When and why did a man lose the faculty of change? Was it some point in the dying of the mind and body. A hardening of the nervous system. He practiced keeping his mind agile. Daily he made himself think thought he had not thought before. He forced himself to consider the worst. He practiced considering the opposite. He tried always to imagine at least two other possible ways of doing something. He fed his mind with maxims and precepts – the how-to-do-it manual of the mind.

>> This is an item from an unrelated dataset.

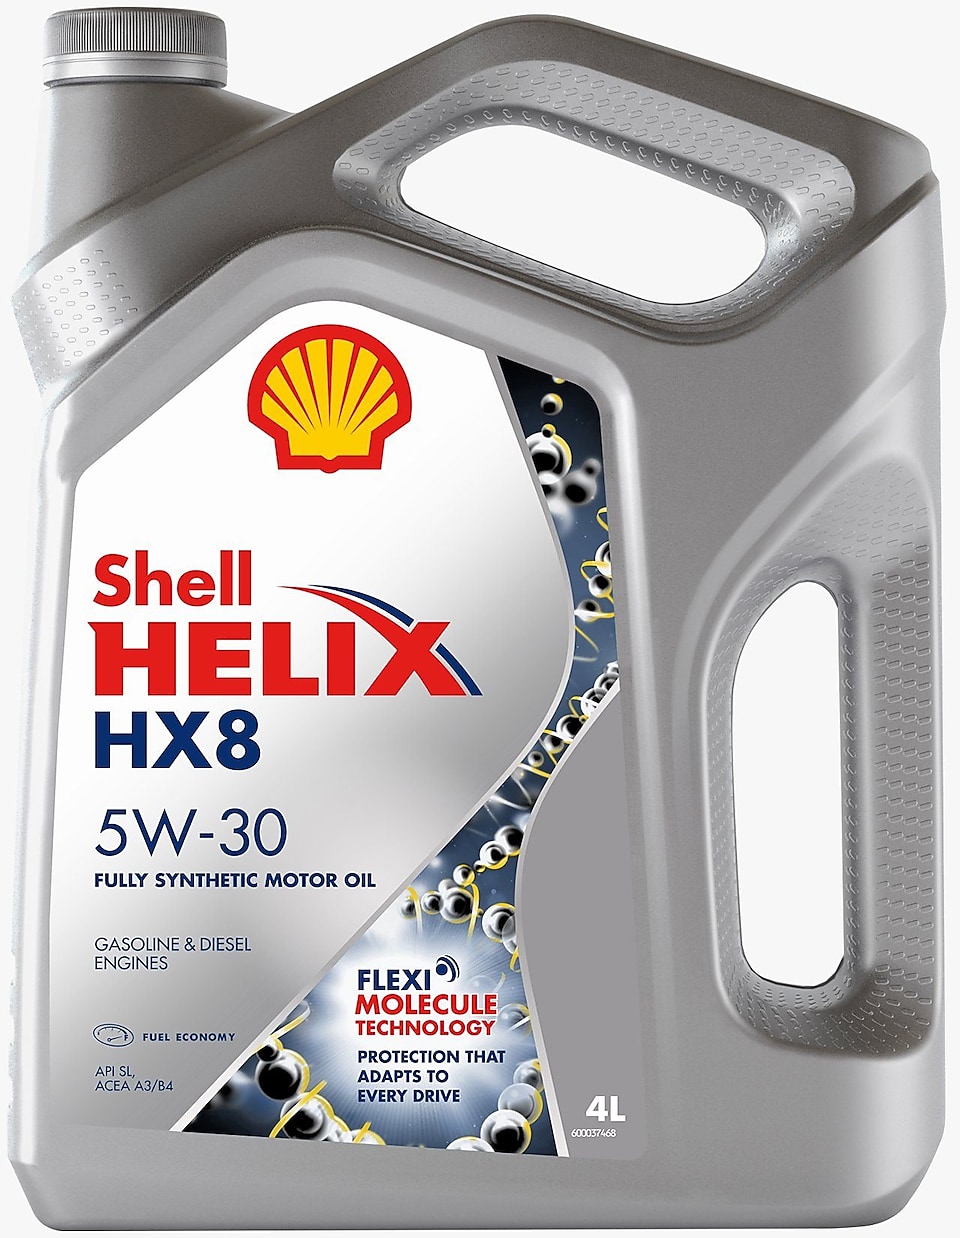 Моторное масло Shell Helix HX8 Synthetic 5W-30 4л

It is funny how things come full circle. I spent a lot of time in video stores when I was a kid, gazing at the cover art and reading the blurbs of 18s movies that I was forbidden from watching. My knowledge of the Nightmare on Elm Street series was based entirely on the summaries on the back of the video cassette boxes, until I turned twenty-four. One video I remember gazing at was The Coca-Cola Kid. An Australian film starring Eric Roberts, it grabbed the eye courtesy of its title and use of the Coke logo. I was a kid, any hint of sugar sent me into a frenzy. I never saw the film and in fact had long forgotten about it.
Now I discover that this novel, which actually is set along the New South Wales southerly coast, where I am currently staying, was the basis for The Coca-Cola Kid and its author, Frank Moorhouse, wrote the script. The connection to my current home and the memories it recalls to me of my childhood, strike me as a curiously remote form of synchronicity. It is also appropriate, given that this is a book about memory and the changes in one man’s life.
The story itself concerns itself with George McDowell, a local businessman who likes to hold himself to strong principles, in business and in life. He even changes his name in middle age, adding the prefix of ‘T’, to make himself seem more regal. After a trip to America with his father he becomes fascinated with Rotary, its focus on morality married with commerce inspiring him to pursue the founding of a chapter on the South Coast.
Fancying himself a man of science, an individualist and a forward-thinker, McDowell believes in living according to a set number of moral precepts. Having focused so much on his career, bound up with his notions of being a man of good standing within the community, he has sacrificed friendship and the love of his family. His relationship with his wife is coolly formal and his daughter has embraced a bohemian lifestyle, indulging in drugs and sex. McDowell cannot comprehend how his daughter Terri has become so estranged from him, blaming the influence of ‘city life’, which he holds accountable for other problems such as overpopulation and trade unionism.
Then a young man from the Coke Company named Becker arrives in town to investigate McDowell’s operation. He also encounters Terri and is quickly enwrapped in their strained familial relationship. Becker represents a form of future that does not fit within McDowell’s orderly vision of a world ruled by rational men of business like himself. His daughter’s rebellion is similarly a reaction to his pedantic moral philosophy. Having spent his life attempting to realize the future, McDowell finds himself an old man, left behind by modernity.
Moorhouse tells his story in a non-linear fashion, dipping in and out of McDowell’s life. We are privy to his thoughts and experiences throughout, with his inability to realize how little others think of him turning this into a curiously private tragedy. I also got a quiet thrill out of the mentions of Bulli and Wollongong. We visit several periods in McDowell’s career, from the inspirational 1920’s right up until after his death in the 1970’s, with Terri now accompanying a film crew looking to interview Australian men who lived during these periods.
This serves as a commentary by Moorhouse on the make-up of twentieth century Australians, with a particular focus on the influence of American culture and capitalism. It turns out this is one of a number of books by the writer, referred to as ‘discontinuous narratives’, with the various characters reappearing in each of the stories, collectively sharing an overarching thematic narrative.
It is a curious experiment and after I have concluded my little reading experiment, I can see myself tracking down the rest of this series.